- [Assignment] From the listing that follows, output everything exactly except the pictures.
[[ Input data open ]]
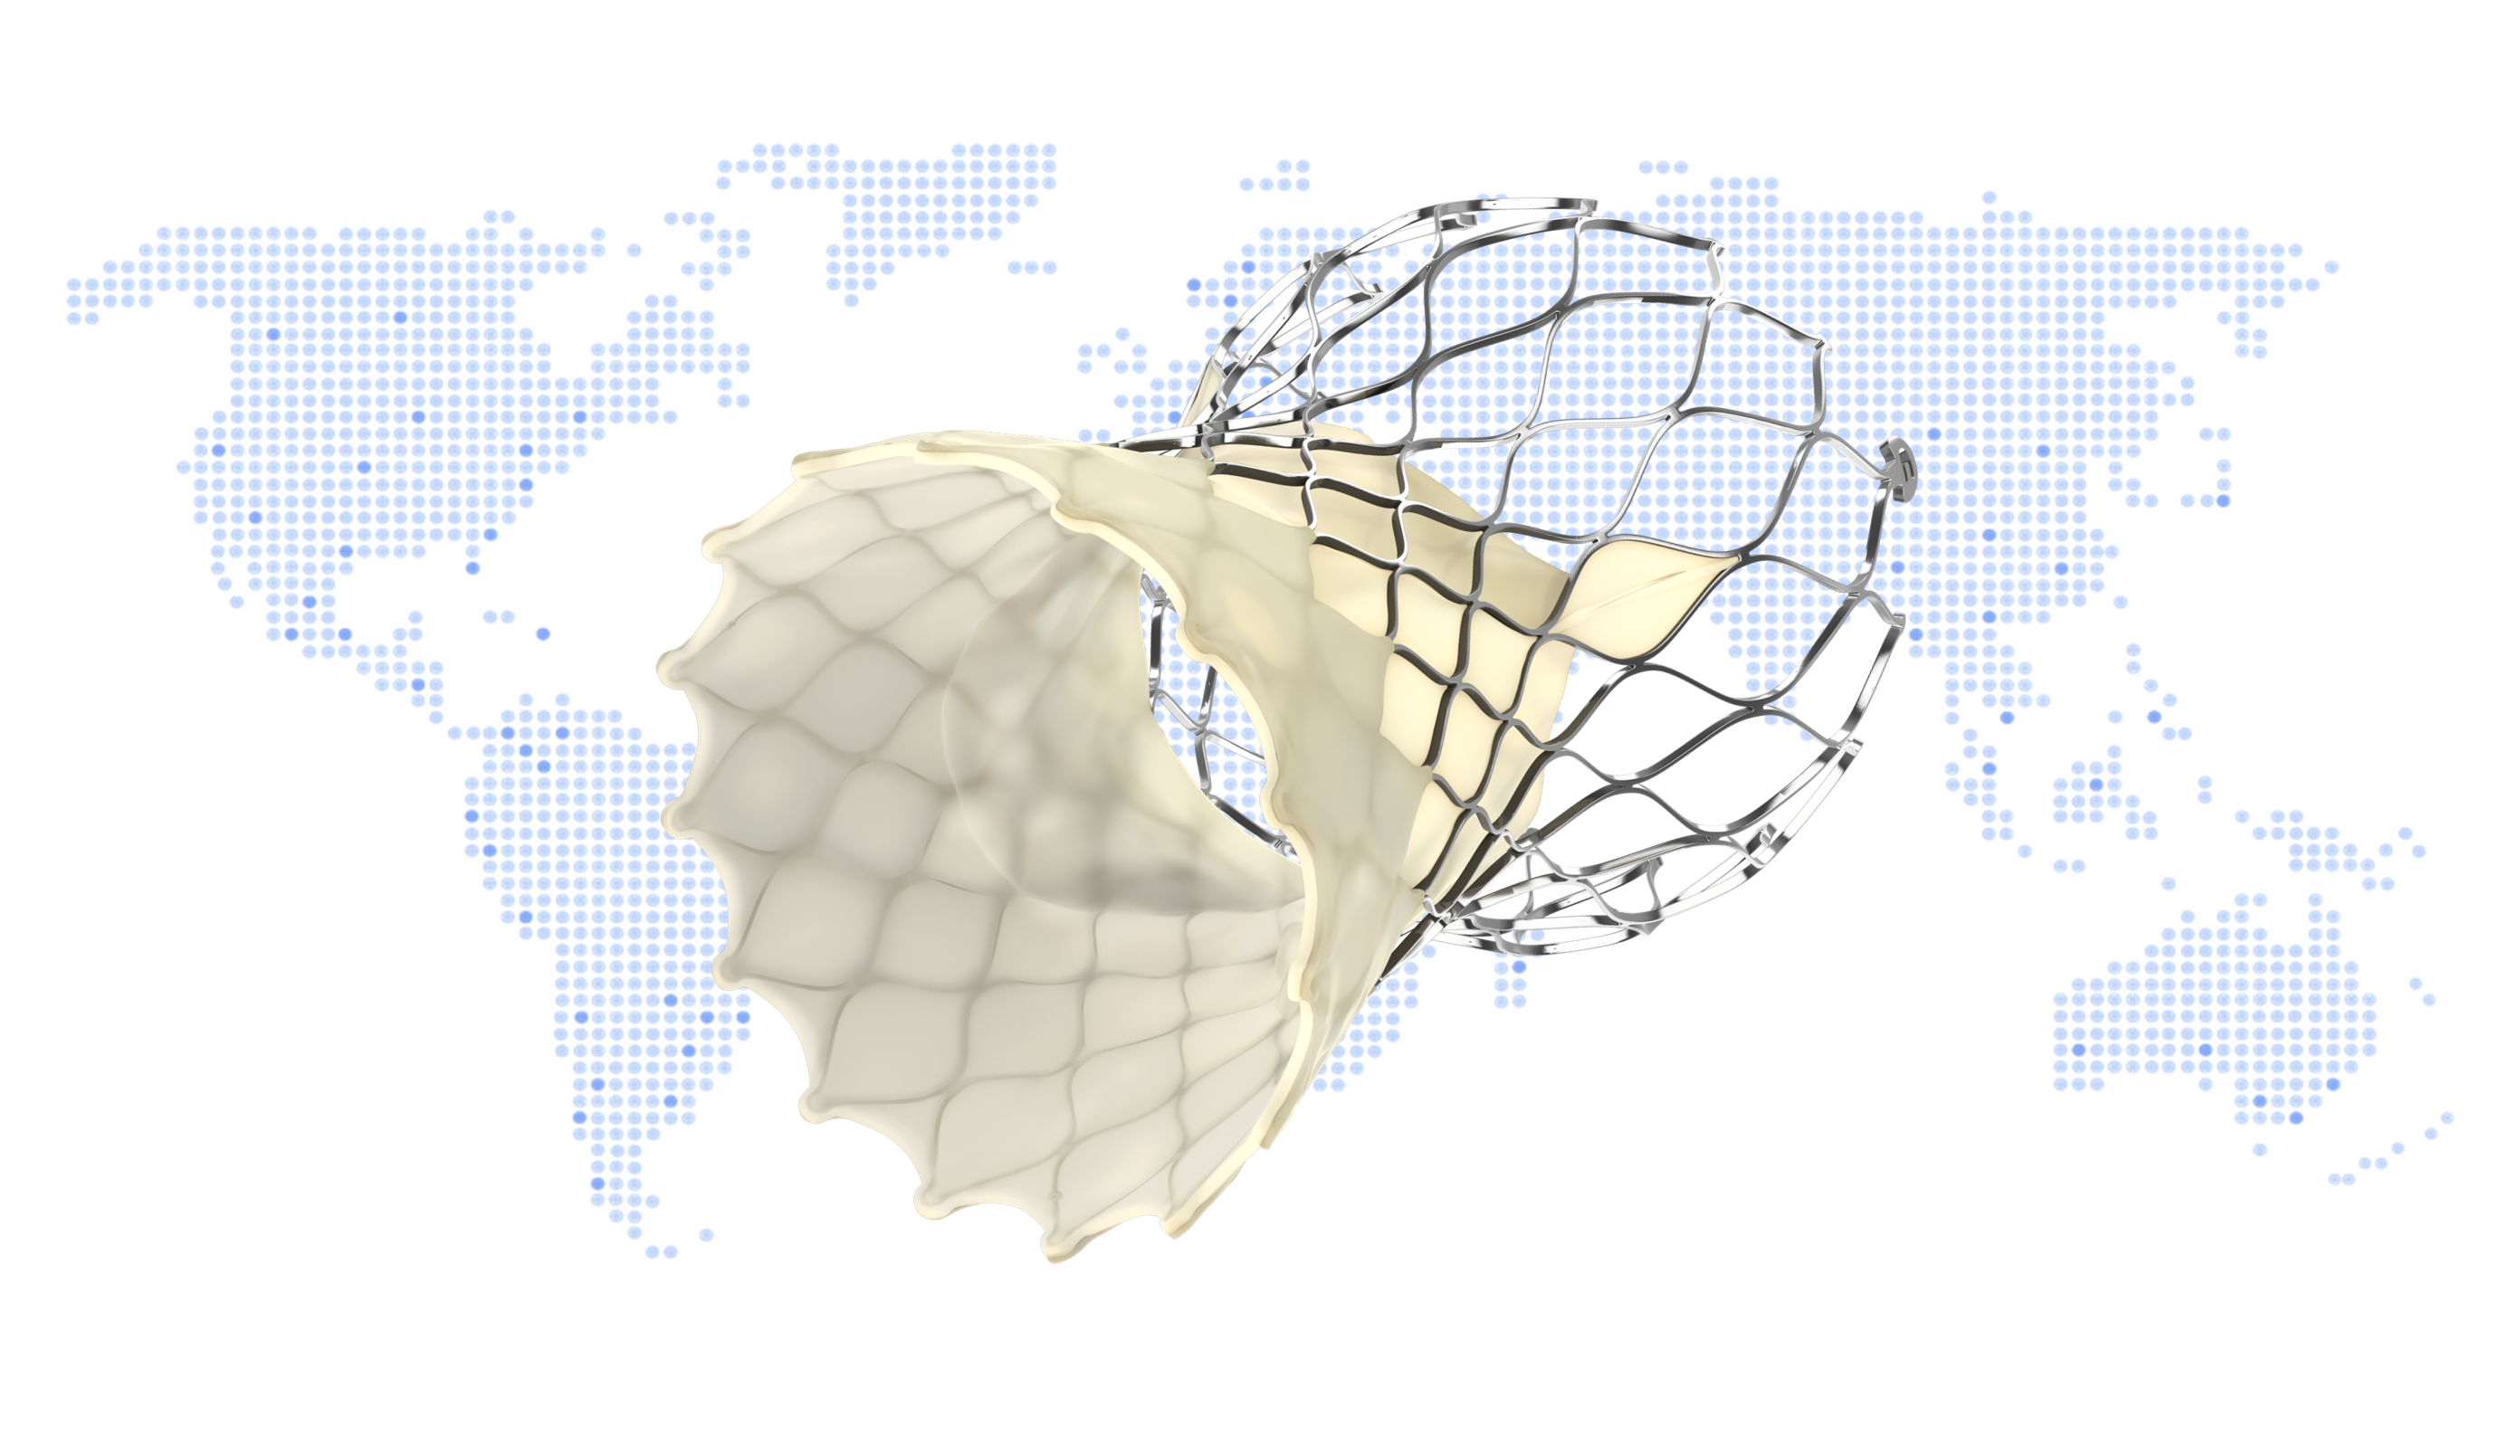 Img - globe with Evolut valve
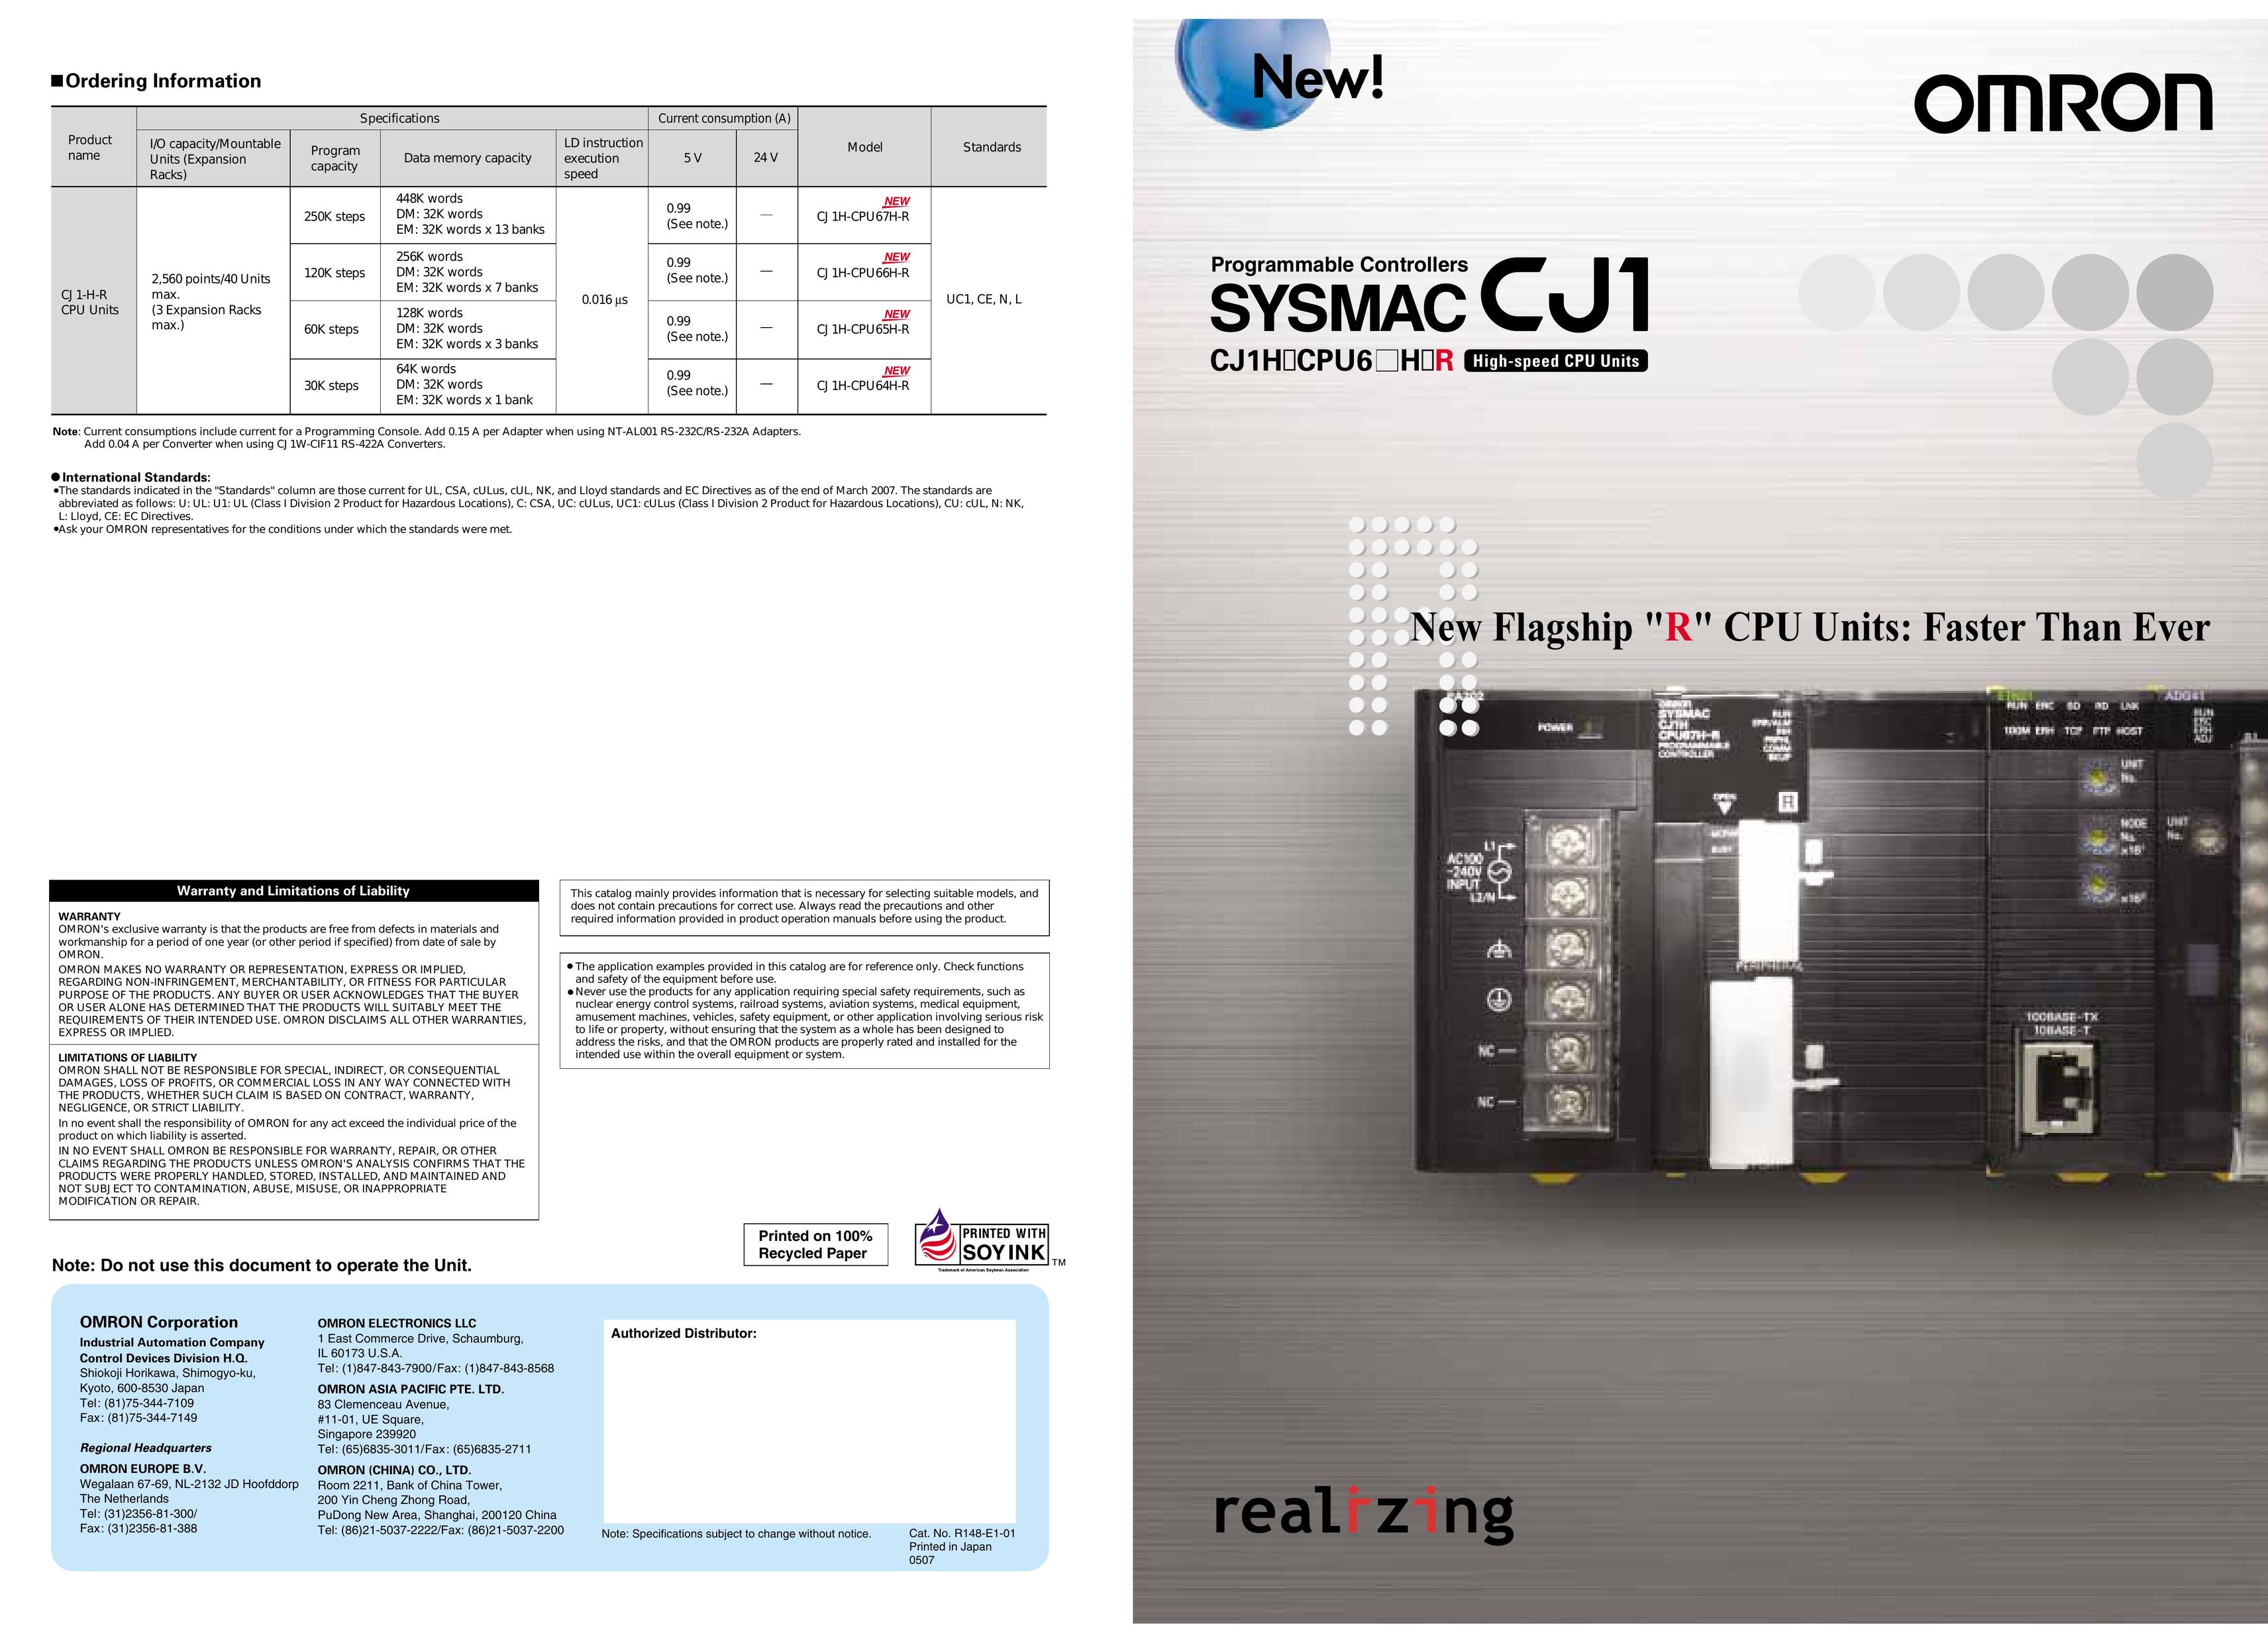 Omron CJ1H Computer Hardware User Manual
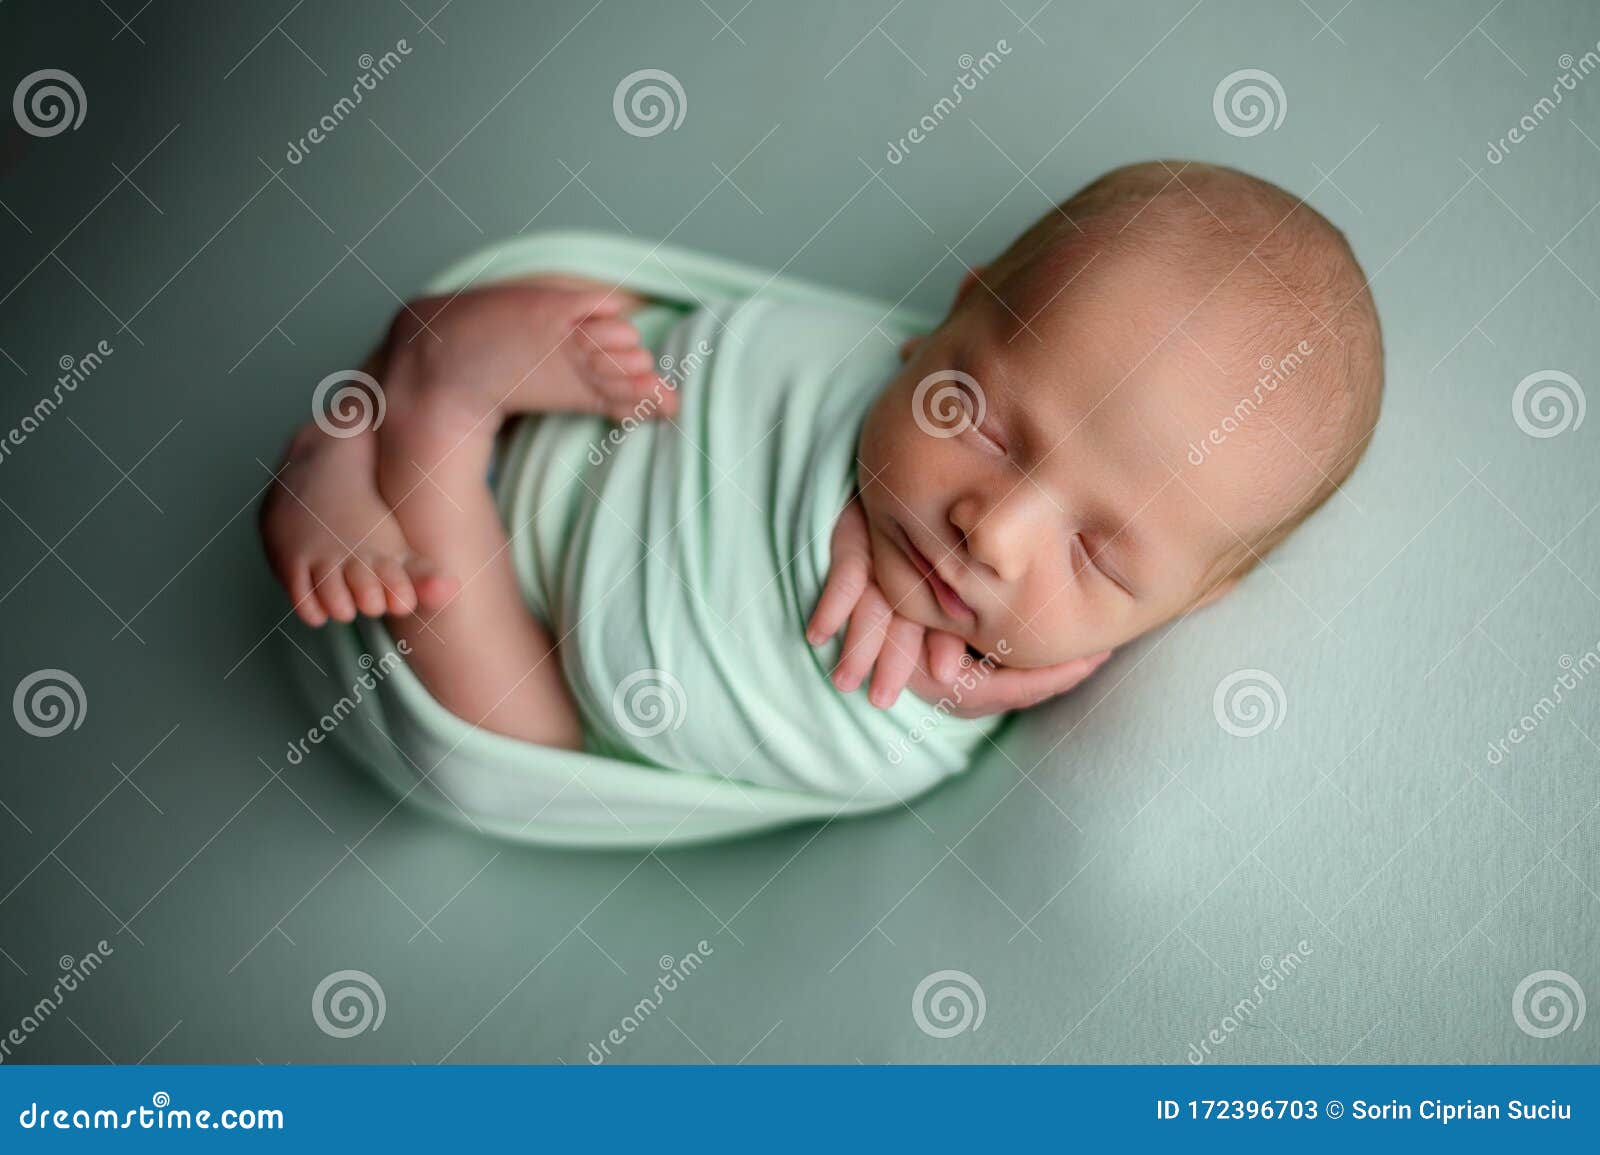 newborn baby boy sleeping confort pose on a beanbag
[[ Input data closed ]]
- [Solution for this problem]
 Img - globe with Evolut valve
 Omron CJ1H Computer Hardware User Manual
 newborn baby boy sleeping confort pose on a beanbag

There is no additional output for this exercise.